▶ **What you are asked to do**
Retype, exactly and with both ends included, the lines below from the one containing "Wedding Color Ideas 26" through the end; omit the pictures.

▶ **Data block**
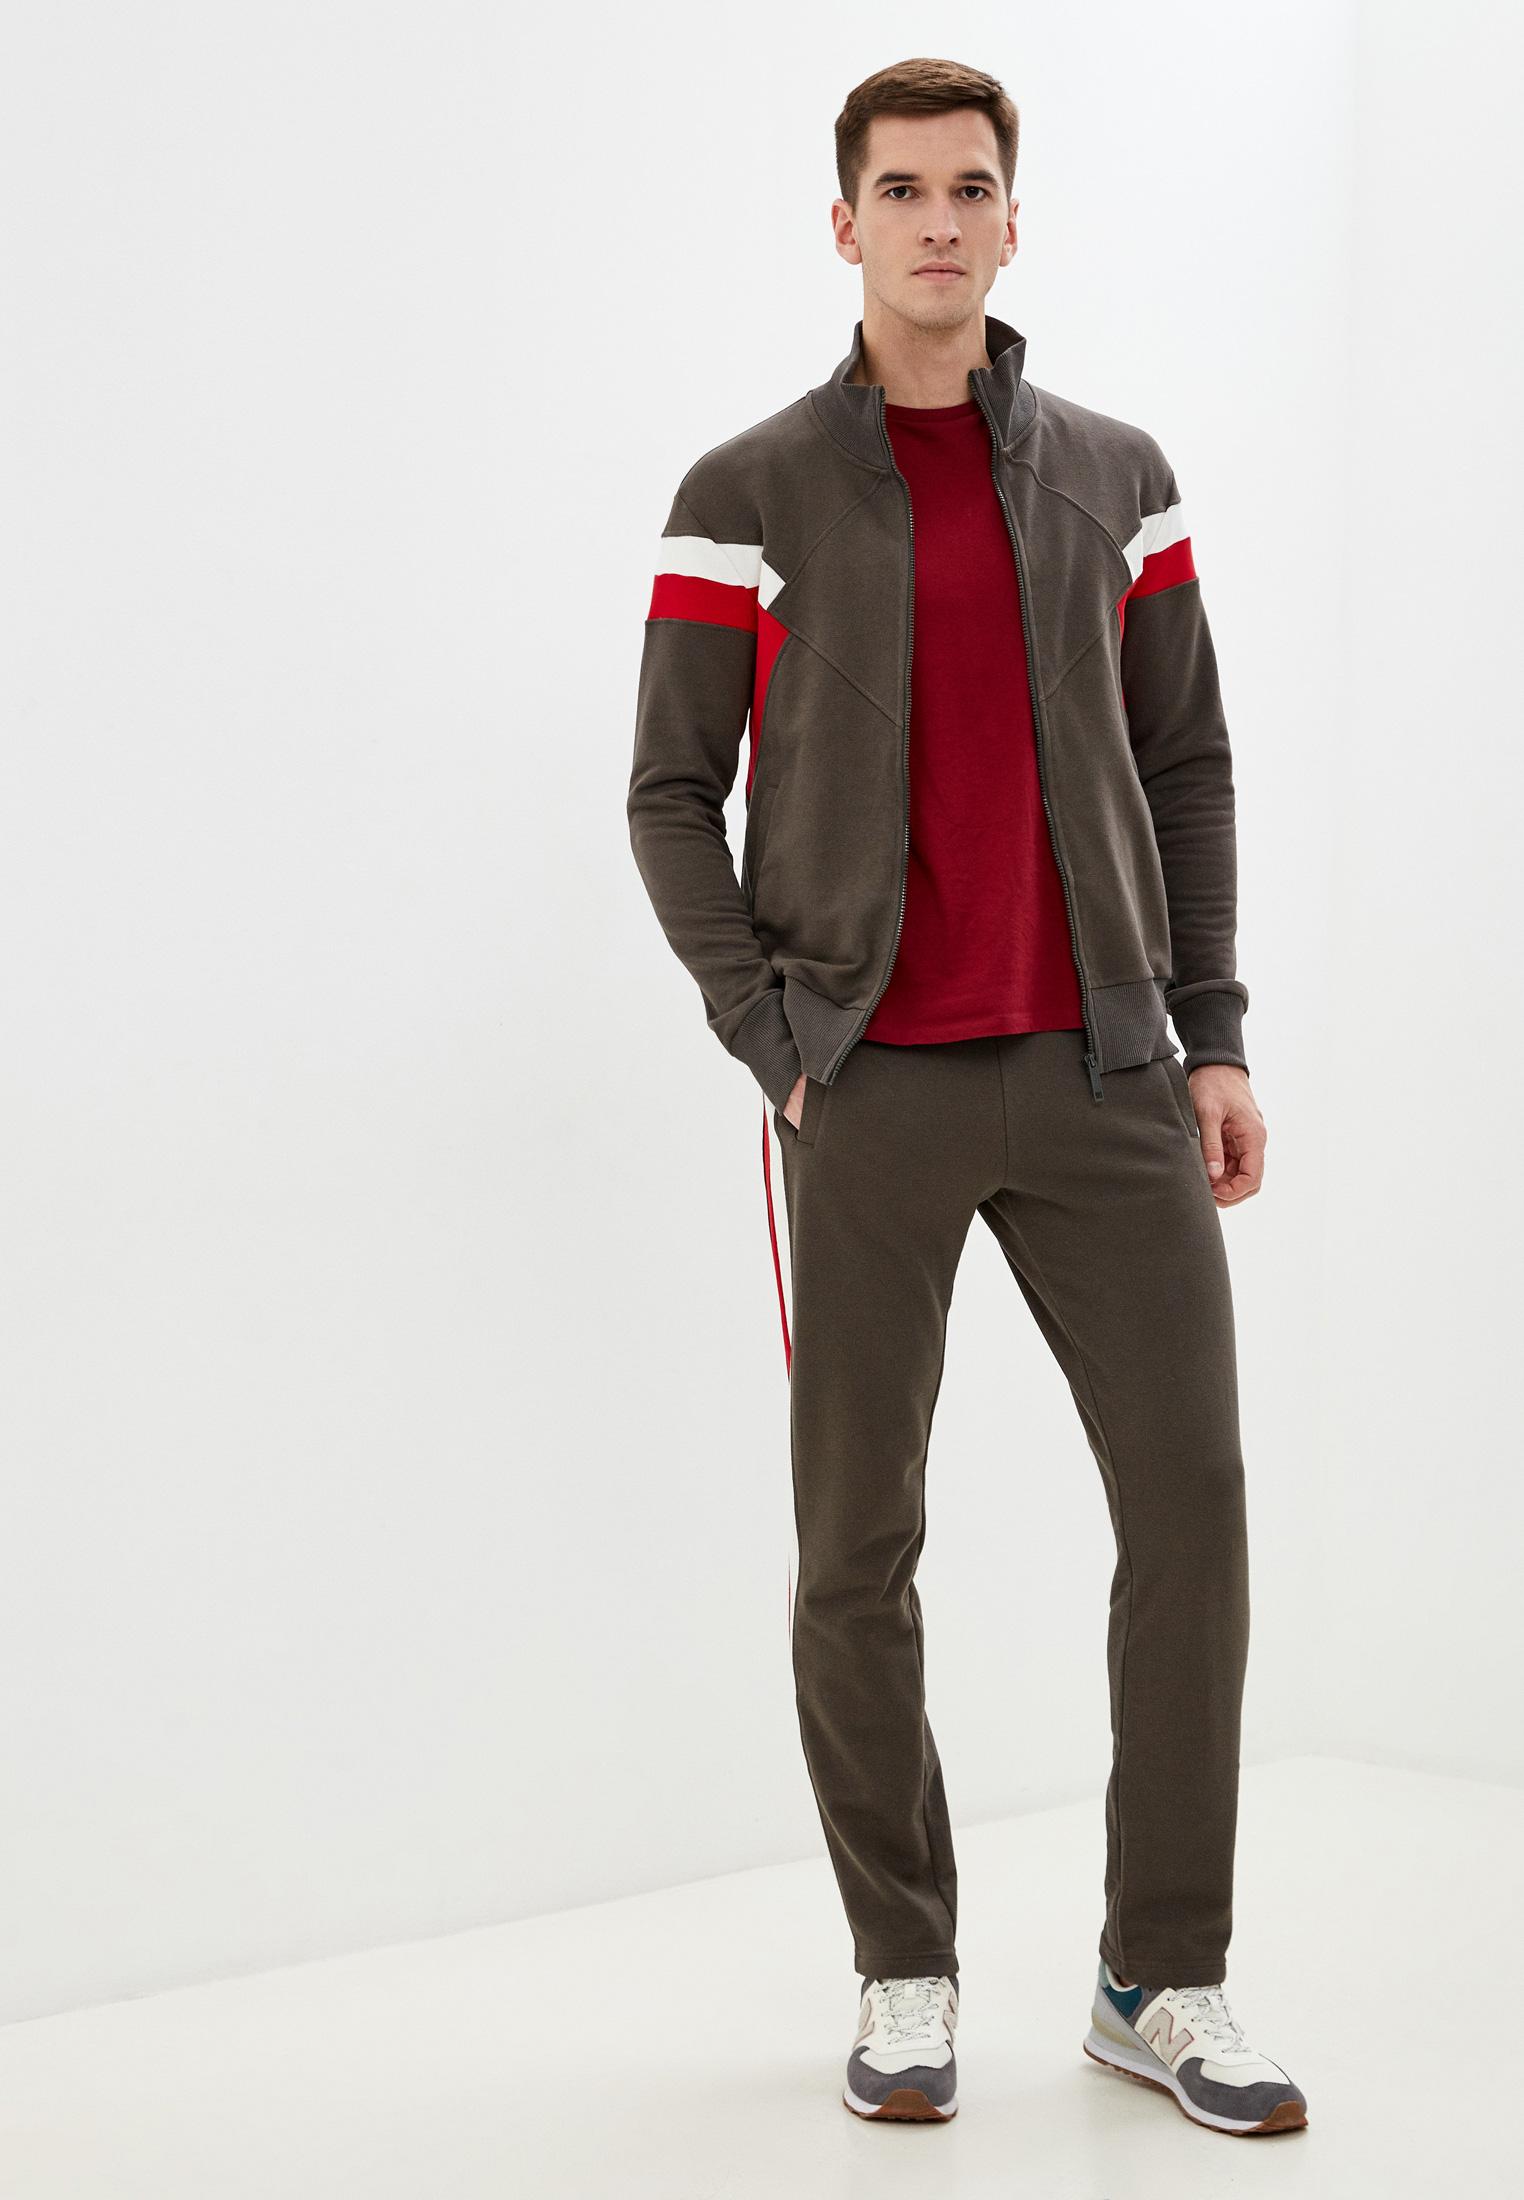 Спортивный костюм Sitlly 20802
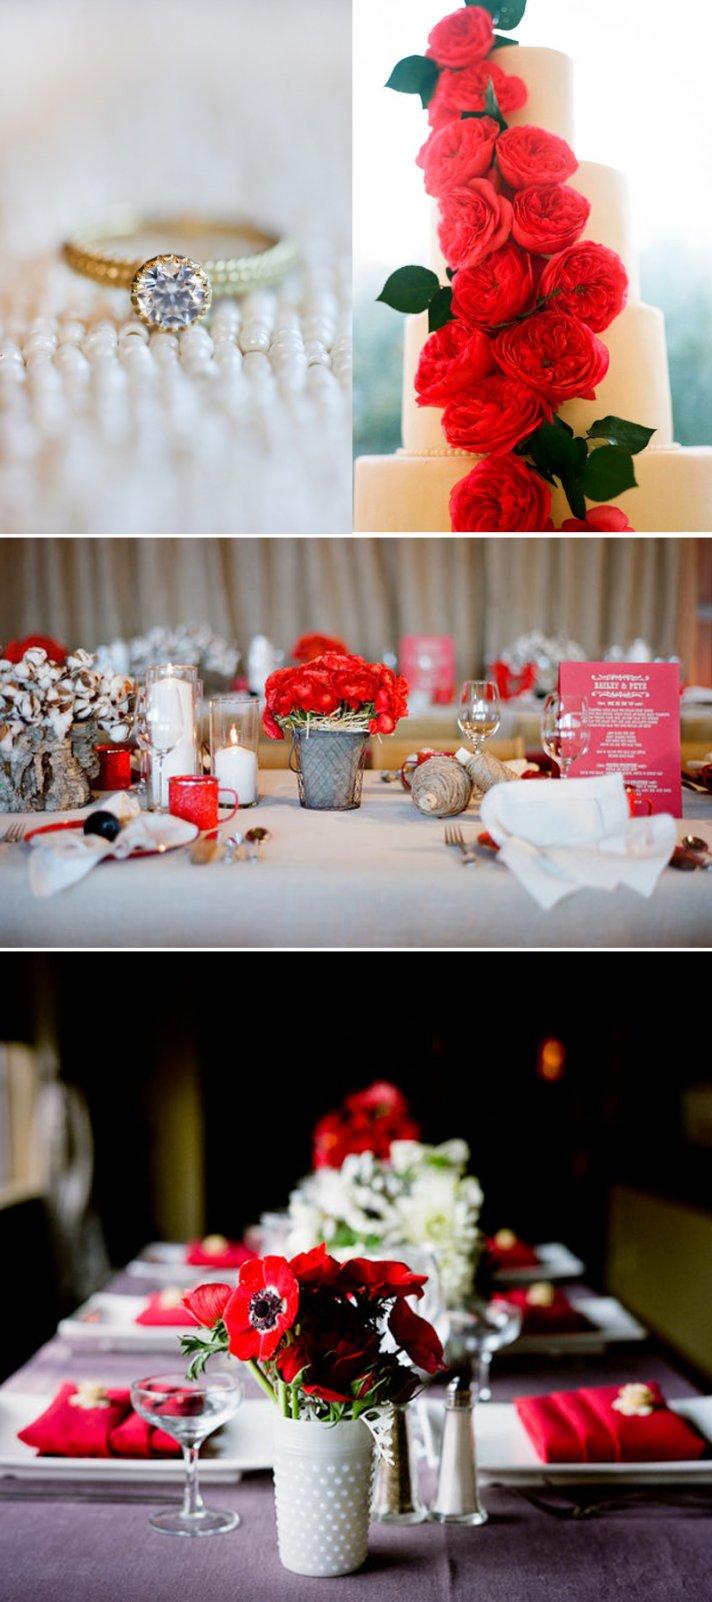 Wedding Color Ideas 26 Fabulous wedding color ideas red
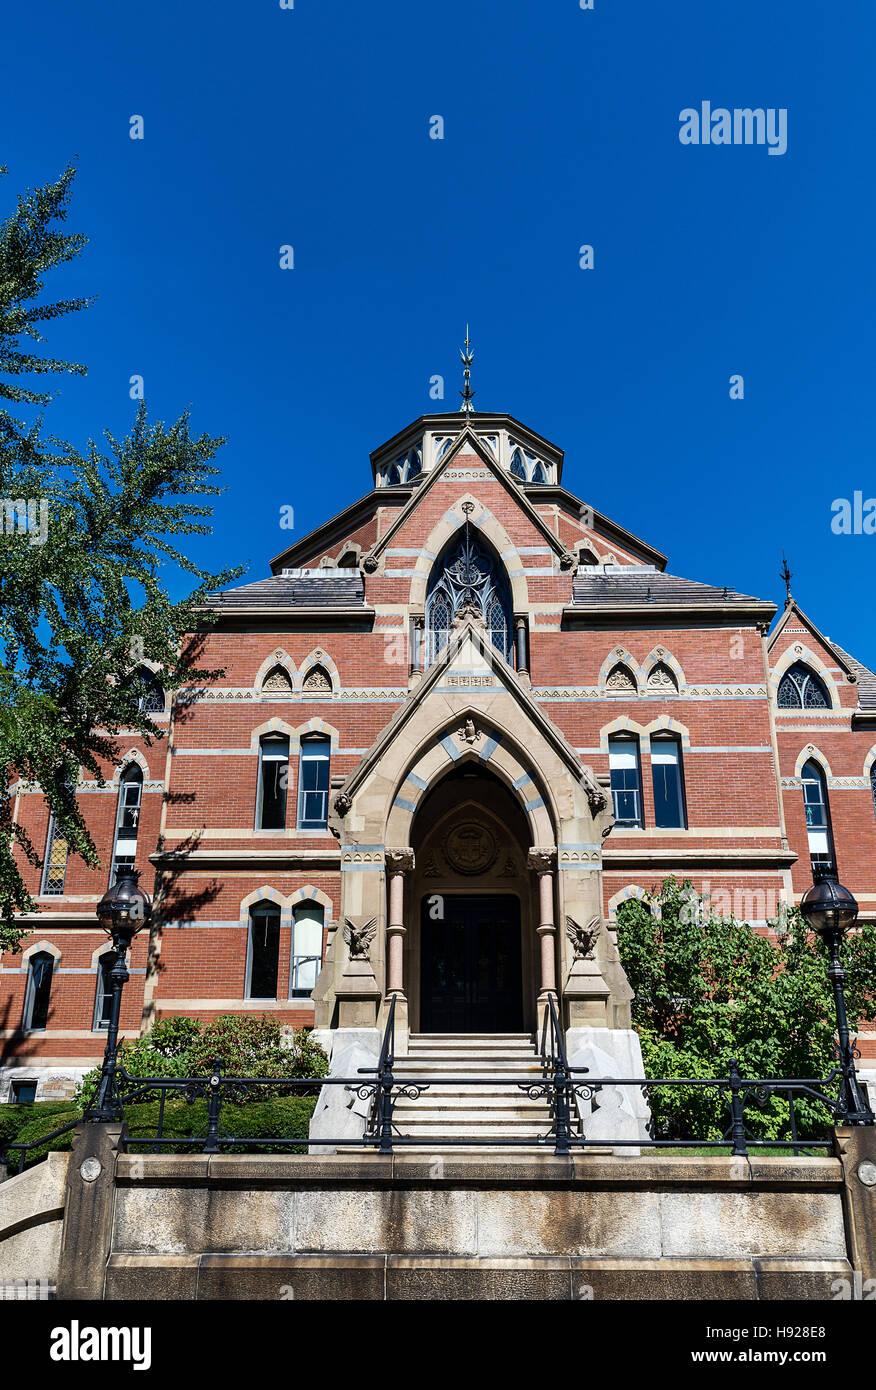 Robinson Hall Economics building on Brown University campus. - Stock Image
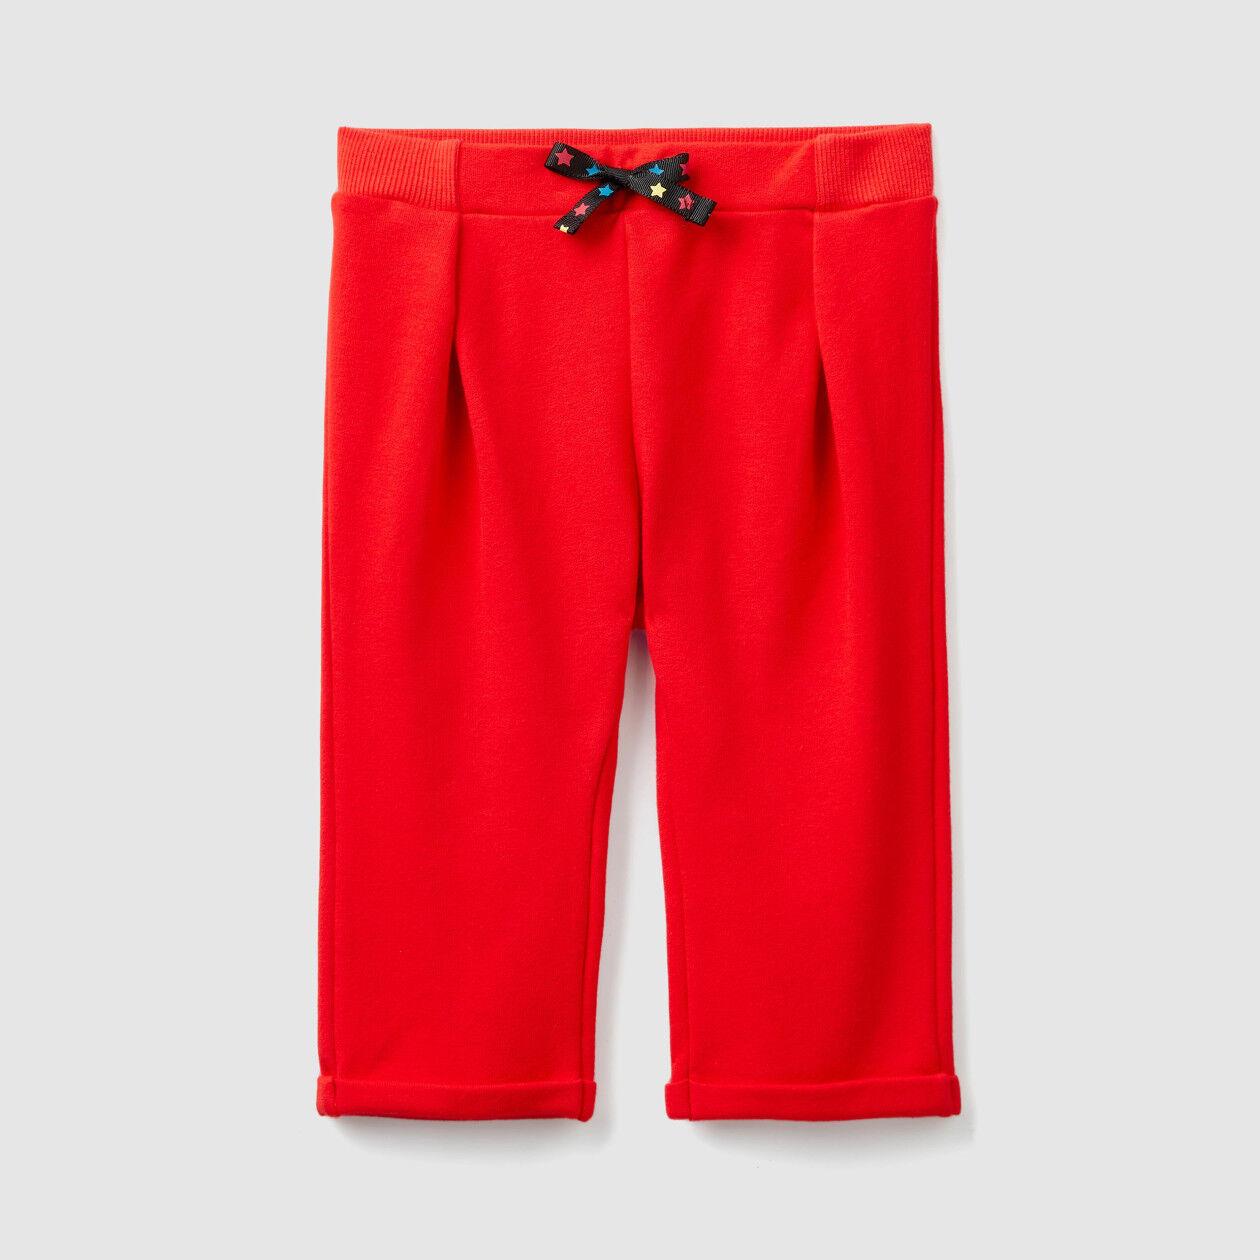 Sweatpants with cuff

▶ **Answer to the exercise**
 Wedding Color Ideas 26 Fabulous wedding color ideas red
 Robinson Hall Economics building on Brown University campus. - Stock Image
 Sweatpants with cuff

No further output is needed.